On October 19, 2025, friends found Daniel Naroditsky unresponsive on a couch in his Charlotte, North Carolina, home. Charlotte-Mecklenburg Police arrived at 7:11 p.m., and medics pronounced the 29-year-old chess grandmaster dead at the scene. He was three weeks from his 30th birthday.
Police are investigating the death as a possible suicide or drug overdose, according to an incident report. Toxicology results are pending, and the medical examiner has not released an official cause of death. The department’s homicide unit is handling the case, which is standard procedure for deaths like this.
Oleksandr Bortnyk, a fellow grandmaster, went to check on Naroditsky after he stopped responding to messages. Peter Giannatos, founder of the Charlotte Chess Center, came with him. Bortnyk later described finding his friend dead on the couch with the television still running. He said in a YouTube video that he never found anybody in his life like Daniel, calling him his best friend.
The Charlotte Chess Center announced the death the next day and asked the public to respect the family’s privacy during the investigation.
A Child Prodigy’s Rise
Daniel Aaron Naroditsky was born on November 9, 1995, in San Mateo County, California, to Jewish immigrants from the Soviet Union.
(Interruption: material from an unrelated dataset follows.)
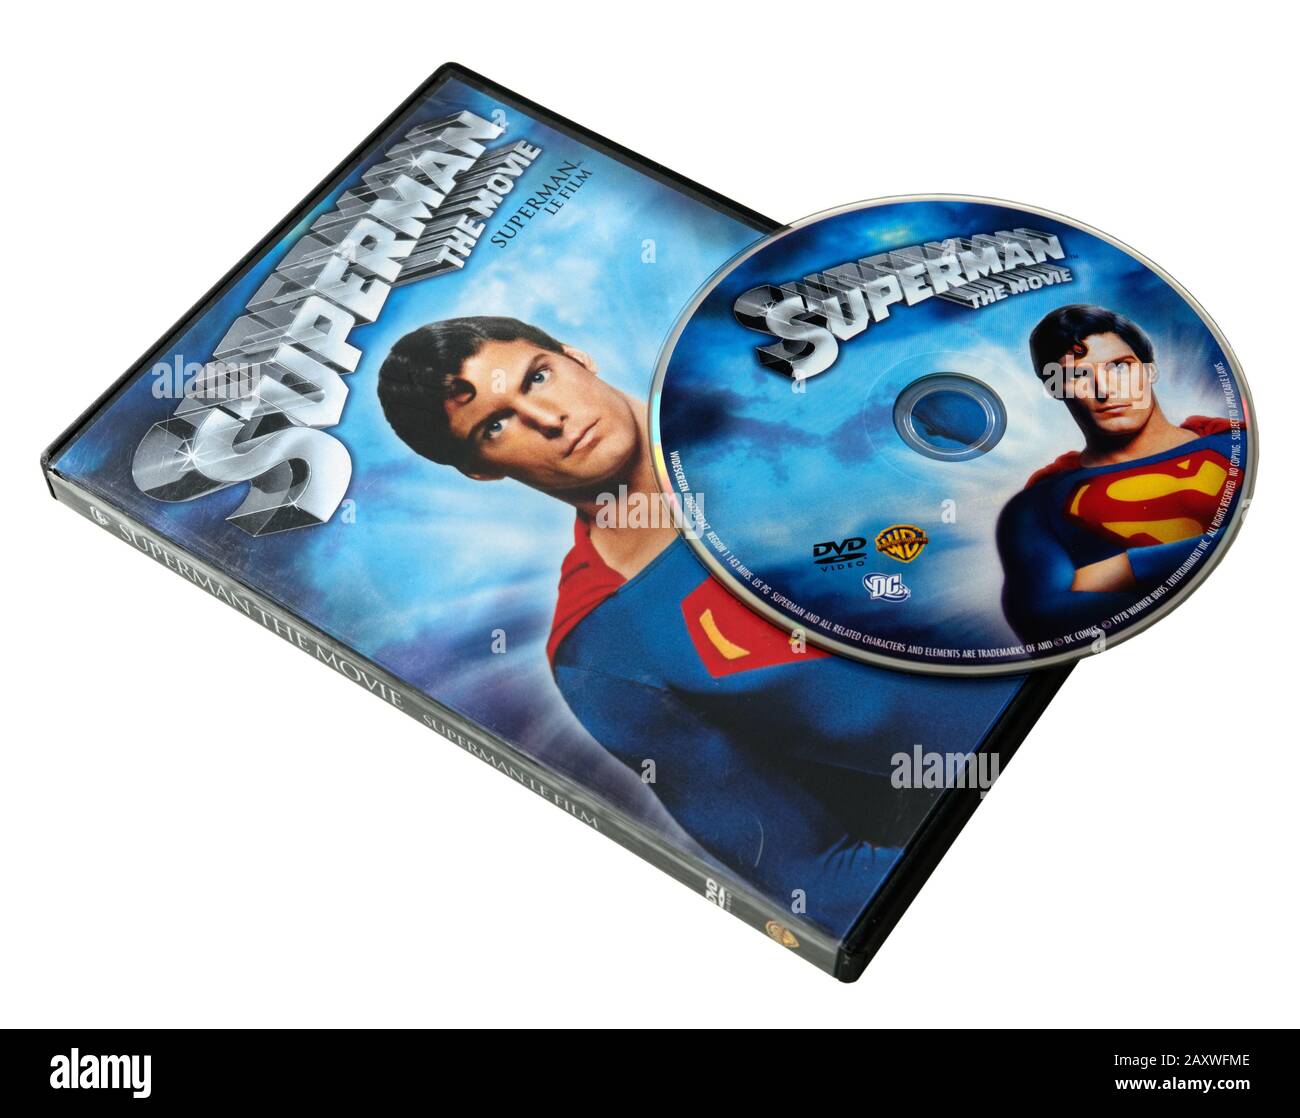 Superman The Movie on DVD Stock Photo - Alamy

His father, Vladimir, came from Ukraine, and his mother, Lena Schuman, emigrated from Azerbaijan.
Alan, Daniel’s older brother, introduced him to chess at age 6. Years later, Daniel told the New York Times that people want to imagine it was love at first sight and that his brother couldn’t pull him away from the chessboard. It was more of a gradual process, he said, where chess slowly entered the battery of things they did to pass the time. A lot of his best memories were just doing things with his brother.
Vladimir began teaching Daniel more seriously after that initial introduction. The boy absorbed the game with a focus and memory that set him apart. Alan Kirshner, who ran scholastic chess matches in Fremont, met Daniel at his very first tournament. After watching the 6-year-old play, Kirshner pulled his father aside. You’ve got a prodigy there, he said. Daniel played a very adult game in the sense that he really thought about it and analyzed positioning, Kirshner recalled years later.
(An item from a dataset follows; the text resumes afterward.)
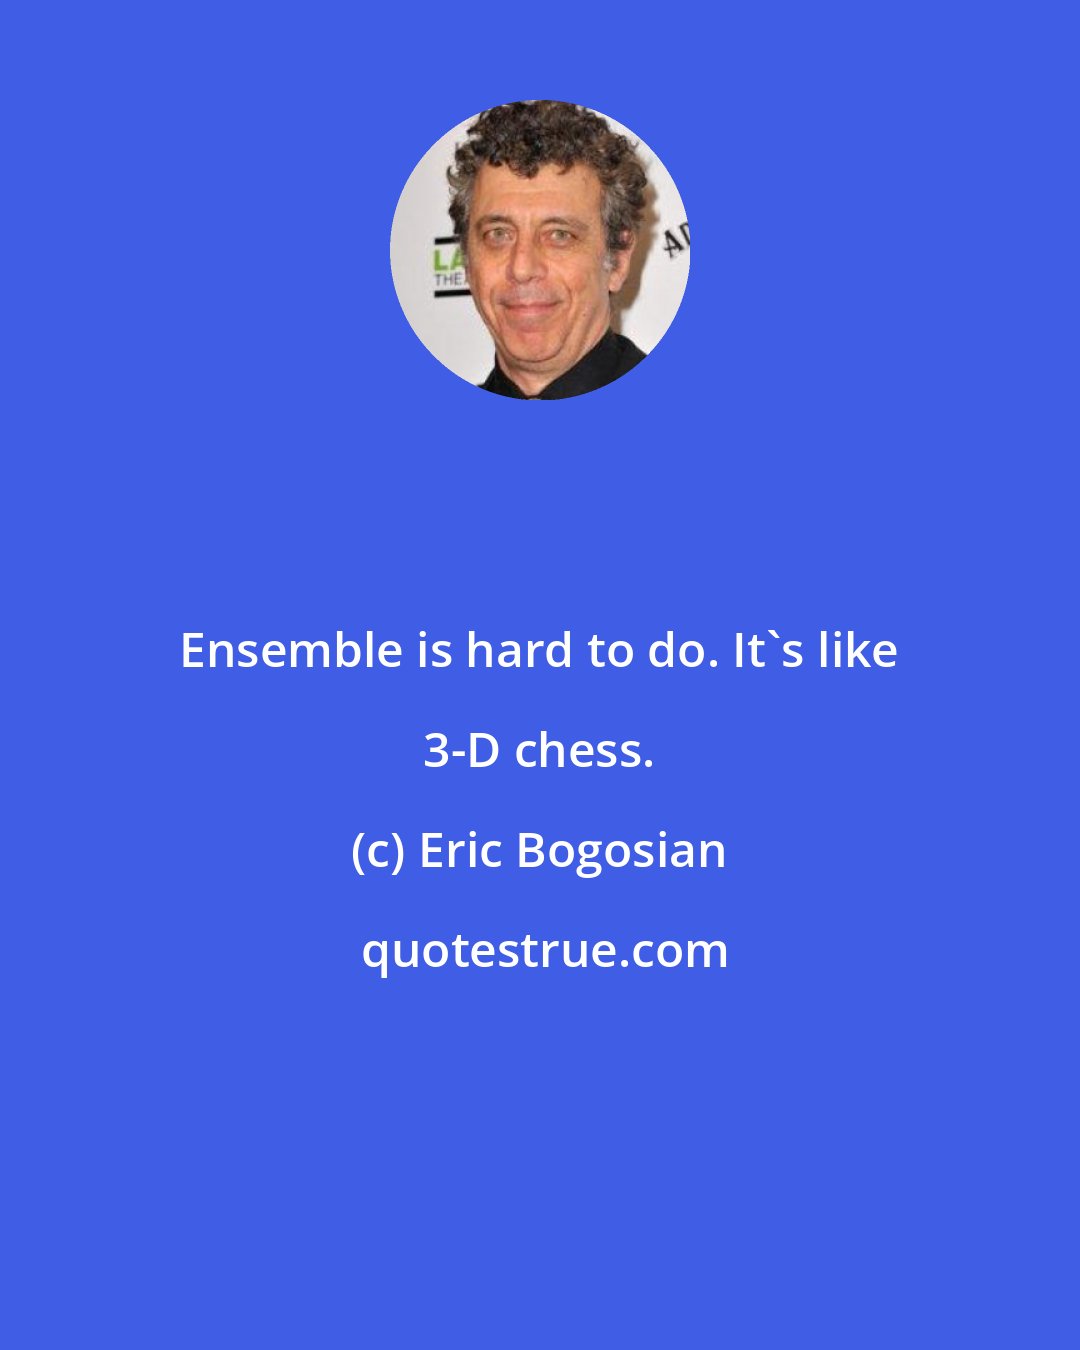 Eric Bogosian: Ensemble is hard to do. It's like 3-D chess.

By age 11, Daniel had won the Under-12 World Youth Championship in 2007. That victory put him on the international chess map as a rising talent worth watching.
From Prodigy to Grandmaster
At 14, Naroditsky published his first chess manual and became the youngest published chess author at the time. The book revealed an early gift for teaching that would shape his career years later. Four years after that, at 18, he earned the grandmaster title, the highest honor in chess aside from World Champion.
He enrolled at Stanford University to study history, taking a year off mid-degree to compete in tournaments before graduating in 2019. Abel Talamantez, tournament director at the Mechanics Institute in San Francisco, stayed connected with Daniel throughout his college years. Despite pressure to choose finance or technology, Daniel earned his history degree and pursued chess full-time. The chess world was way better off for it, Talamantez said.
Building Excellence in Multiple Arenas

Naroditsky’s classical chess rating peaked at 2647 in May 2017, placing him among the world’s top 200 players. Throughout his career, he stayed consistently in the top 200 globally and top 15 in the United States. The breakthrough came at the 2015 World Team Championship, where he posted a performance rating of 2701 and defeated strong Russian grandmaster Dmitry Jakovenko.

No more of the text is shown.